For us, because of how Stitch loads data it is running a small warehouse almost 24/7, but not using the full capacity of the warehouse. So we have so far been able to get by with our dbt modeling and BI tool on the same warehouse without too much issue (thus minimizing our billing costs). However, we moved over some of our data science jobs and are pretty close to separating things out now.
What’s “best” is likely different for a lot of organizations. For example, if you have some data science models that run once a week that use a lot of compute, but infrequently, you may assign them their own XL warehouse, which you only get billed for when they run. If you have a lot of BI users and want to ensure they never compete with ingestion or data science computing you could give the BI tool it’s own warehouse.

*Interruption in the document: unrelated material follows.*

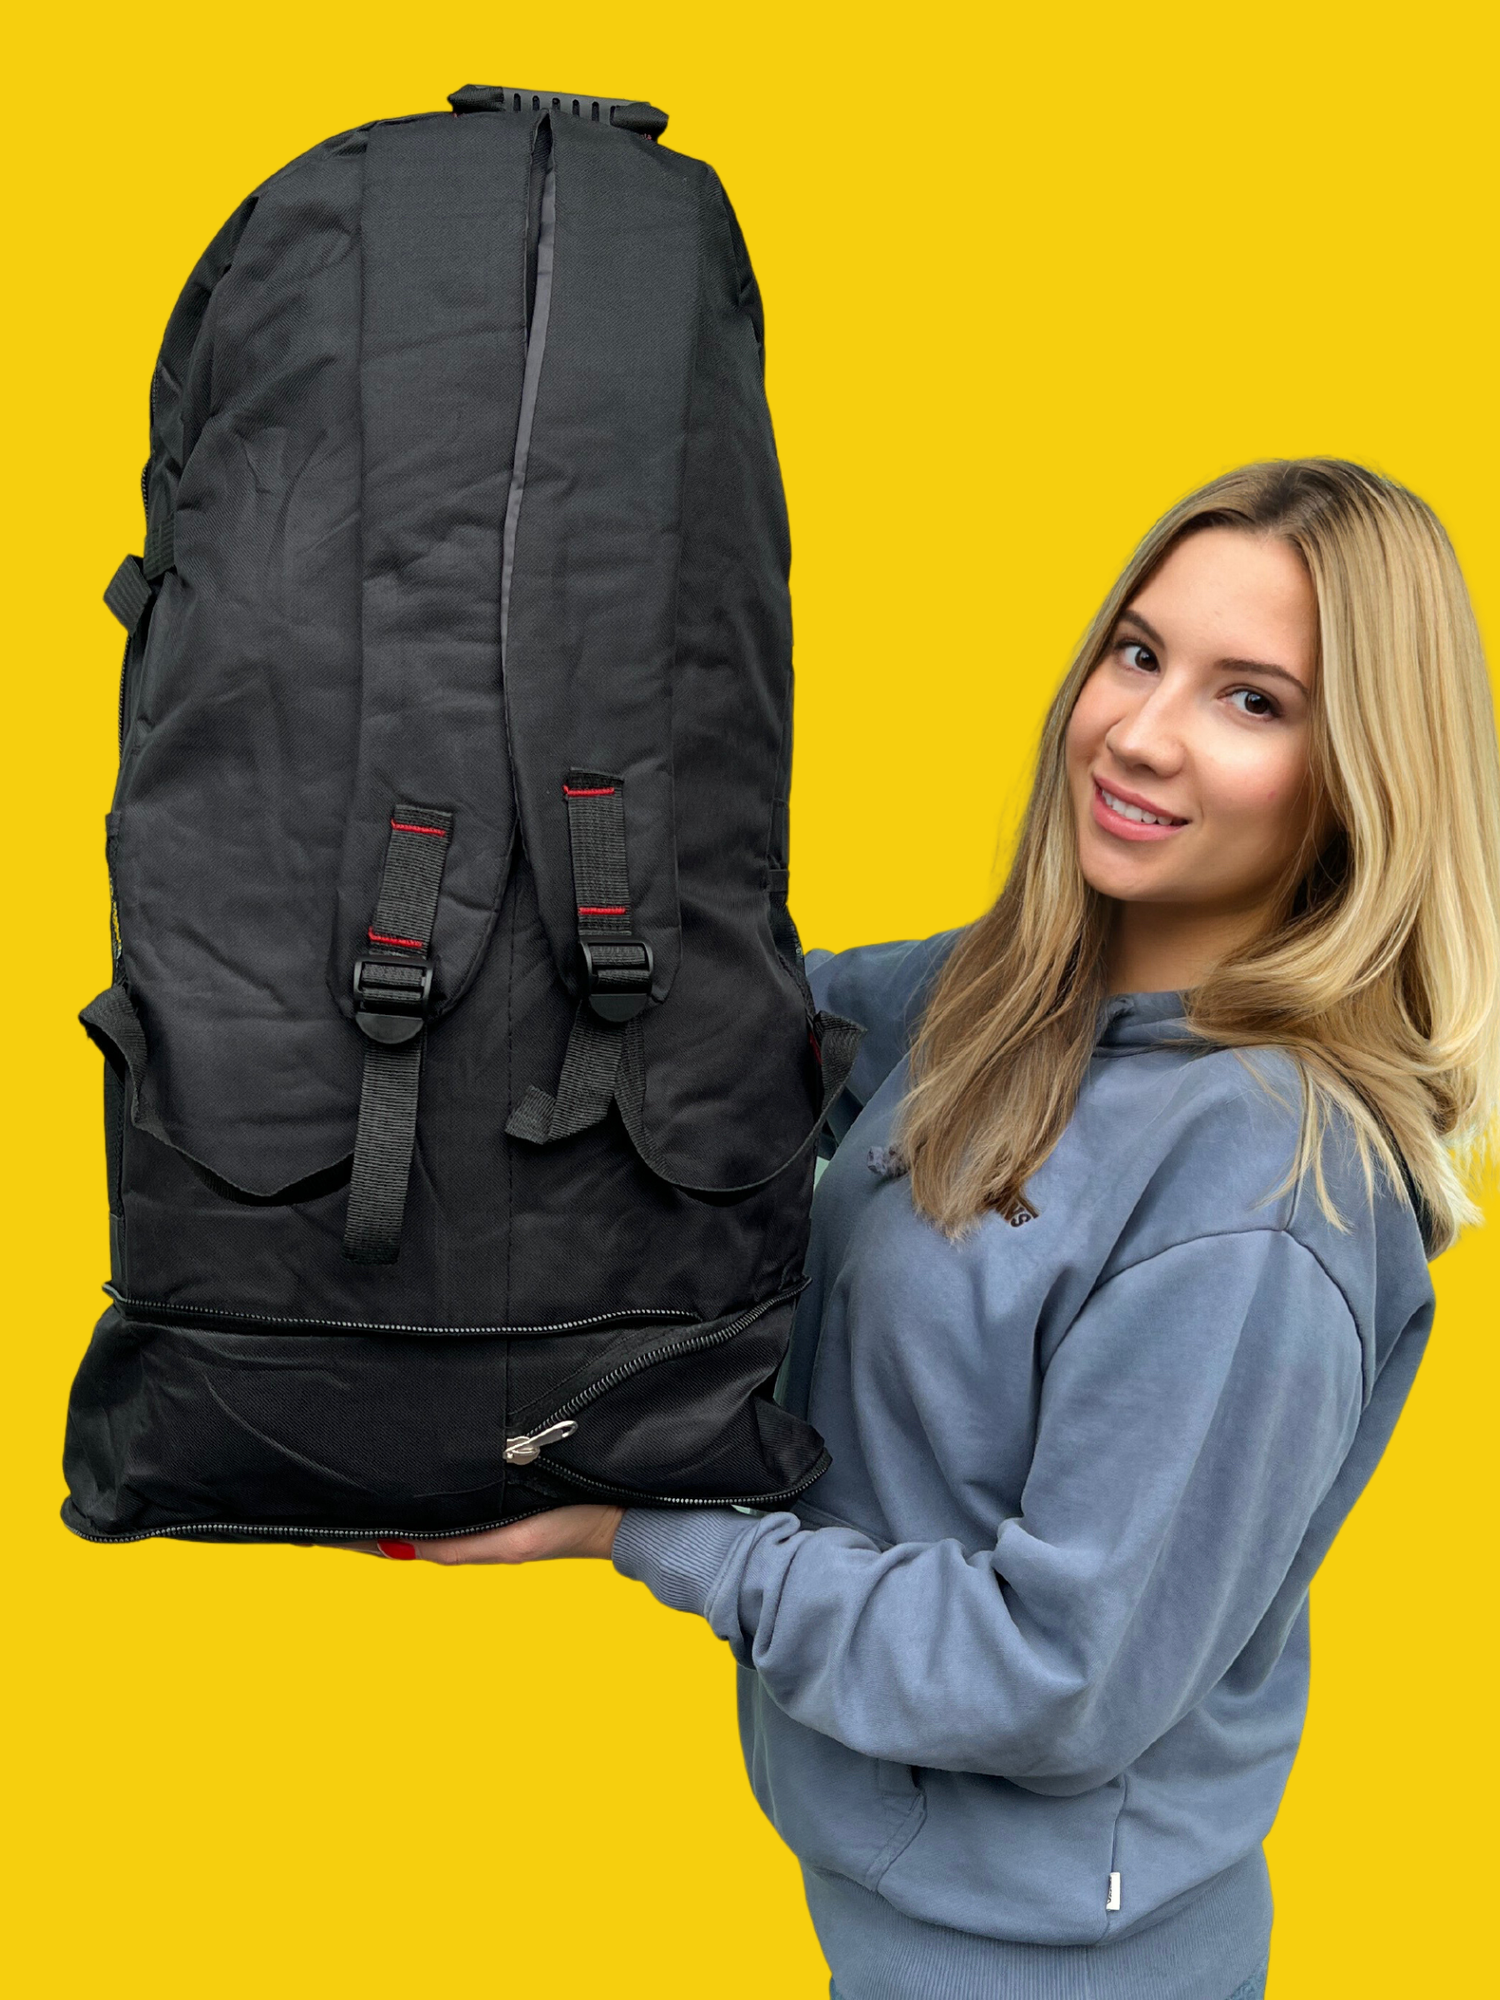 Рюкзак туристический 70 л, черный, рюкзак мужской женский Походный, спортивный, баул, для охоты, рыбалки, туризма

However, if you give Stitch it’s own warehouse, and Segment it’s own warehouse, and Looker it’s own warehouse, and dbt it’s own warehouse, and Airflow it’s own warehouse, and the most any of these ever use is 20% of the compute capacity then you’ve probably over-optimized and are paying more than you need to.
With that in mind, I think warehouse naming conventions are probably dependent on what you are assigning them to. I think what you have makes sense if you just want to make sure BI users aren’t impacted by ETL compute, and you can get by with a single warehouse for ETL compute. Warehouses are also pretty easy to create and delete and reassign so I think the consequences of warehouse naming conventions aren’t the same as with a database.